In adding new features to HistoQC , I stumbled upon a very interesting insight that I thought I would take a moment to share. The amount of noise and artifacts in digital pathology (DP) whole slide images (WSI) is far more extensive than I had previously thought.
When looking at a WSI, our brains do a lot of work for us in terms of post-processing the signal which reaches our eyes into the representation of the WSI we have in our consciousness. When building machine learning (and in particular, deep learning) algorithms, it is important to realize that this post-processing work is not done for us automatically.
Let’s make this conversation a bit more concrete. If I were to show you this image, it appears to be a typical immunohistochemically stained image with hematoxylin and DAB for CD20. The background likely appears fairly homogenous to our eye, with no extreme distortions or excessive anomalies.
On the other hand, if we take this same image, convert it from RGB to Grayscale and then apply a very rudimentary histogram equalization approach, which enhances the contrast in the image to make small details more apparent (available in skimage), we can see a strikingly different story:
Importantly, note that the algorithm did not “fabricate” this data, it simply enhanced data which is already present in the image. We can more readily see the tiling artifact produced by the scanning process, as well as more clearly notice coverslip artifacts and dust on the slide.
For example, when looking closer at this region circled in red, we can see that the processed image is actually enhancing a spot which is barely visible on the original image:
These issues appear to be present everywhere, including for example some of my favorite images from the TCGA-BRCA cohort. Here is TCGA-BH-A0HO-01Z-00-DX1.D3D66547-F5D4-40F5-B737-2FECEEB35ACB.svs
There are two points I would like to make here:
- Although it may be difficult for us to visually see these anomalies, both because of contrast of the signal as well as our mental post-processing, this level of specificity is more akin to what our machine learning classifiers are “seeing” and attempting to reconcile.

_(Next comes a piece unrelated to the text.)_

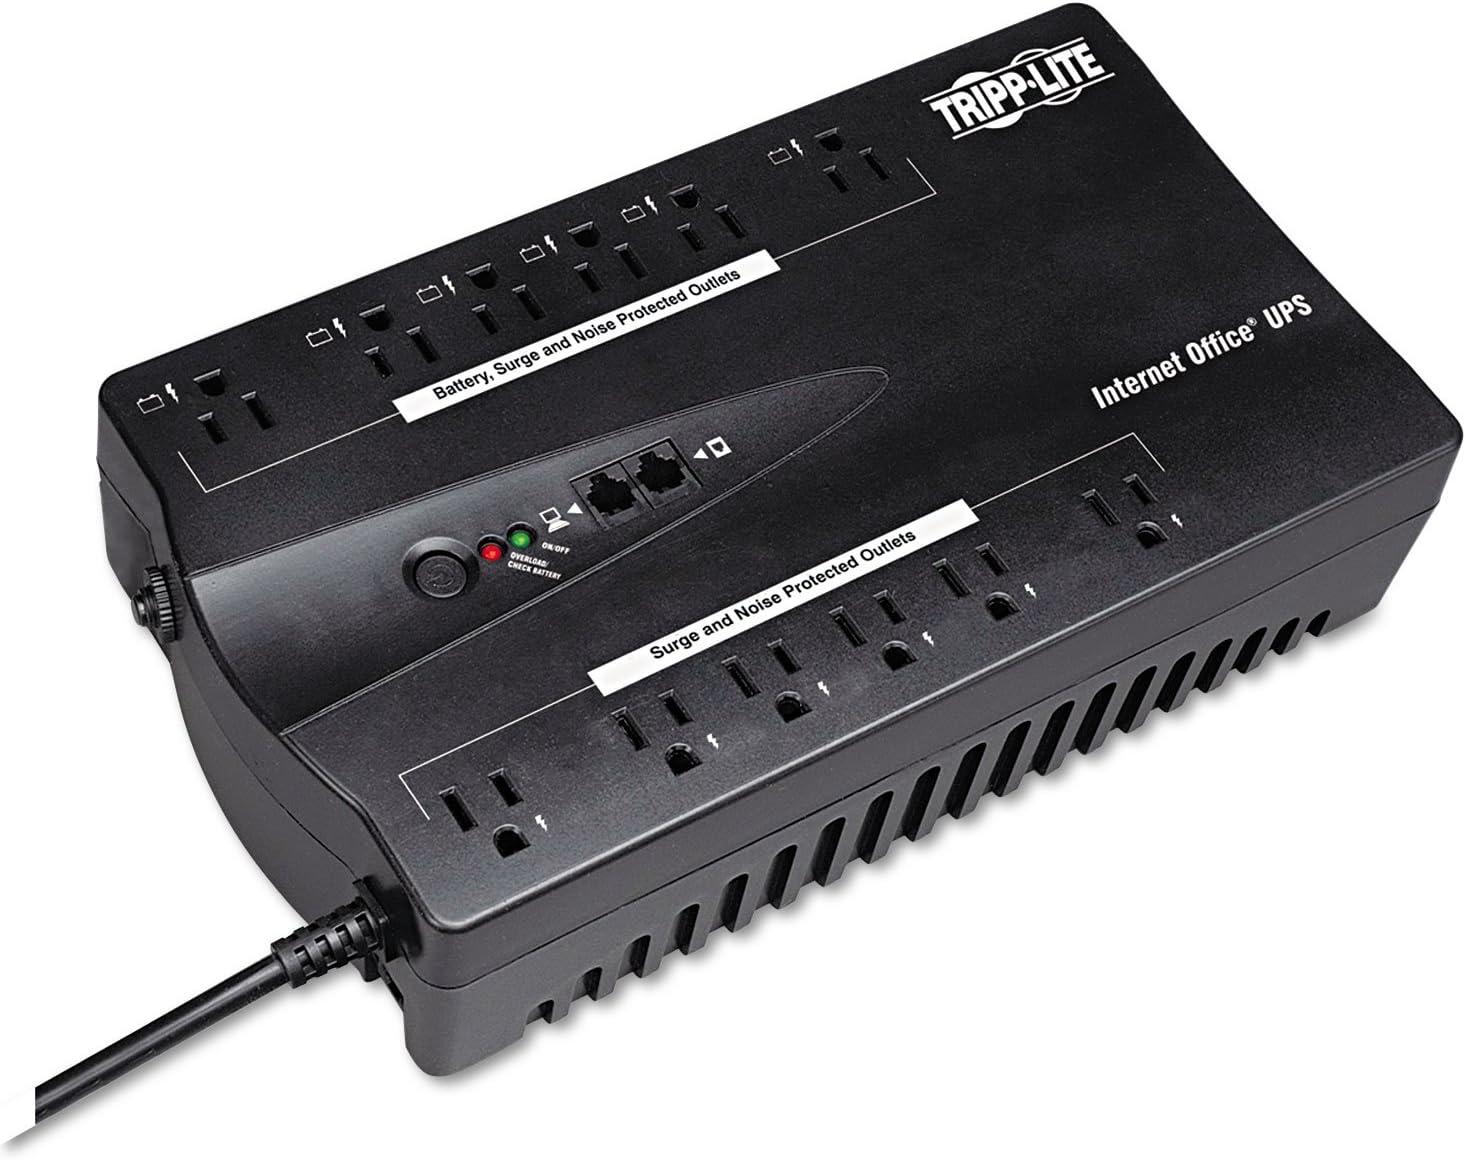 Tripp Lite UPS 900VA 480W Desktop Battery Back Up Compact 120V USB RJ11 PC

- Although the anomalies are significantly more visible here in the background region of the slide, they are very much equally present in the tissue regions, though more difficult to visually see due to the presence of tissue.
Questions resulting from these points then become:
- How much do these subtle anomalies impact the performance of our algorithms?
- Are understanding how and why they are created important for experimental design considerations, in particular in the context of batch effect detection?
- Can and should we make efforts to compensate for them?
These are questions I will continue to think about, especially when looking at unexpected output from our deep learning classifiers. Now I will begin to wonder more deeply what I’m not seeing which may ultimately be driving the result being presented to me.
HistoQC v2.1 now has the ability to produce these files for your own review. Simply enable the “LightDarkModule.saveEqualisedImage” module in pipeline!
Would be very happy and interested to hear any thoughts you may have!